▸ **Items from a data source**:
>>>>>
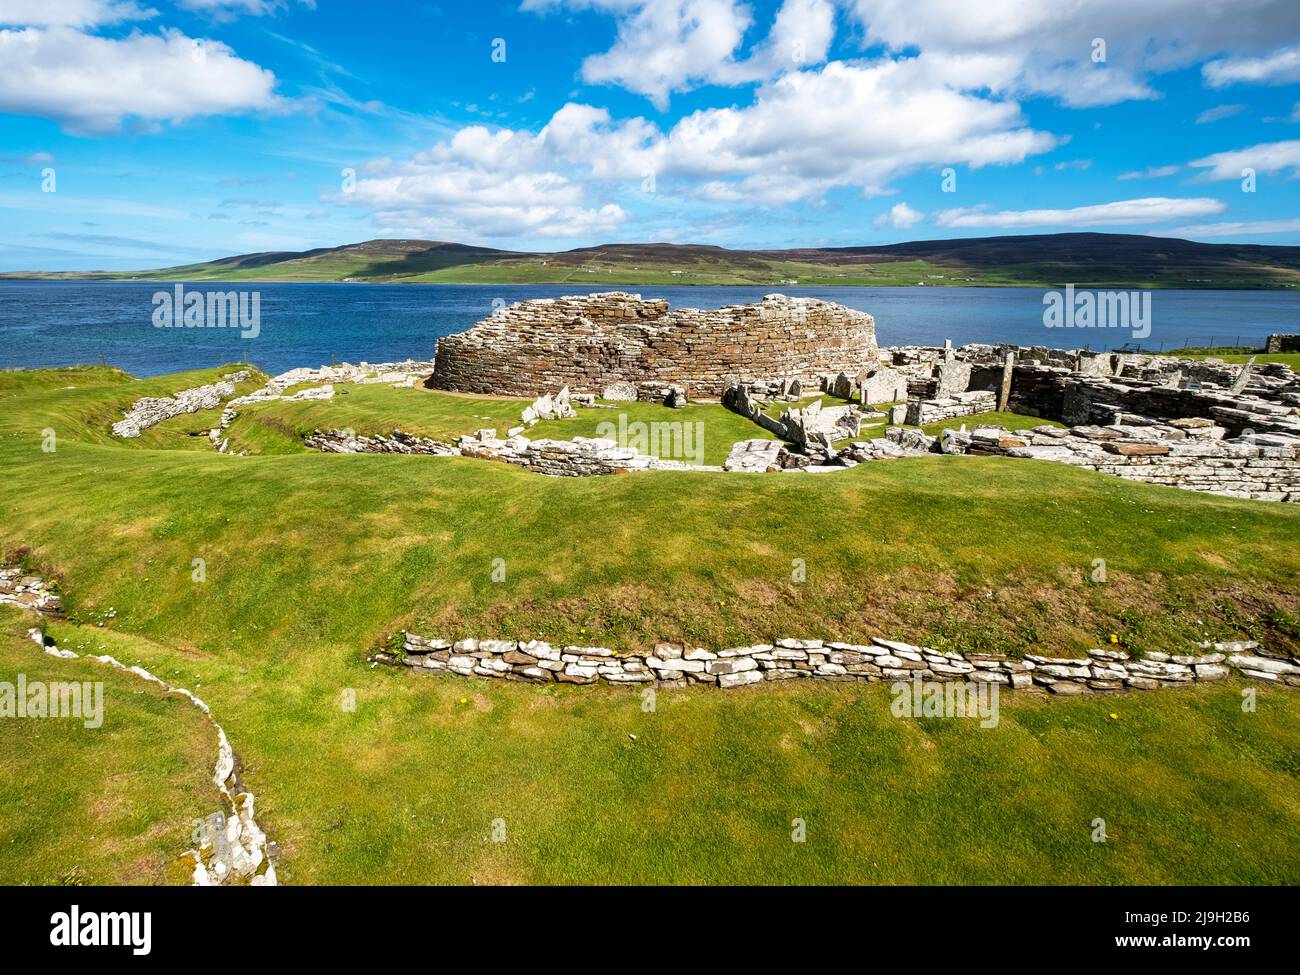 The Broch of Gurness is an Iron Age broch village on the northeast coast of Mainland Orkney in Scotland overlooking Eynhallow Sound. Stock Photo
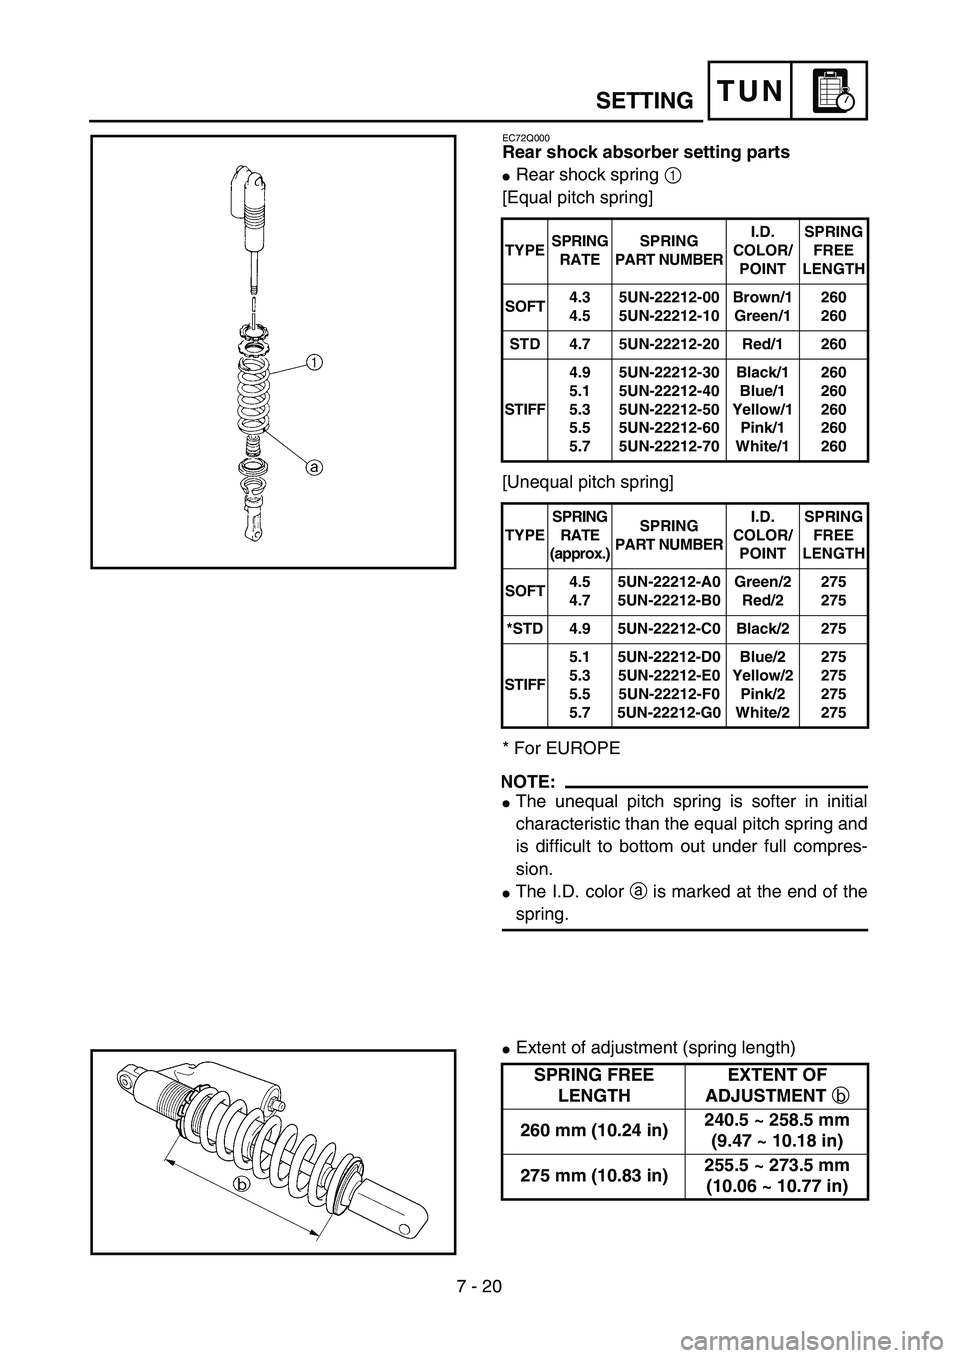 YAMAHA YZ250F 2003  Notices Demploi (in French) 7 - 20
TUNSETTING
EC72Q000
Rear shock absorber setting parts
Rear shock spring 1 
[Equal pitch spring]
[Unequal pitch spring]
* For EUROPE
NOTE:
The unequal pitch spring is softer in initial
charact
<<<<<
▸ **PROBLEM TO SOLVE**:
Tally the lines above that contain "Rear"; give only the number.

▸ **EXERCISE SOLUTION**:
2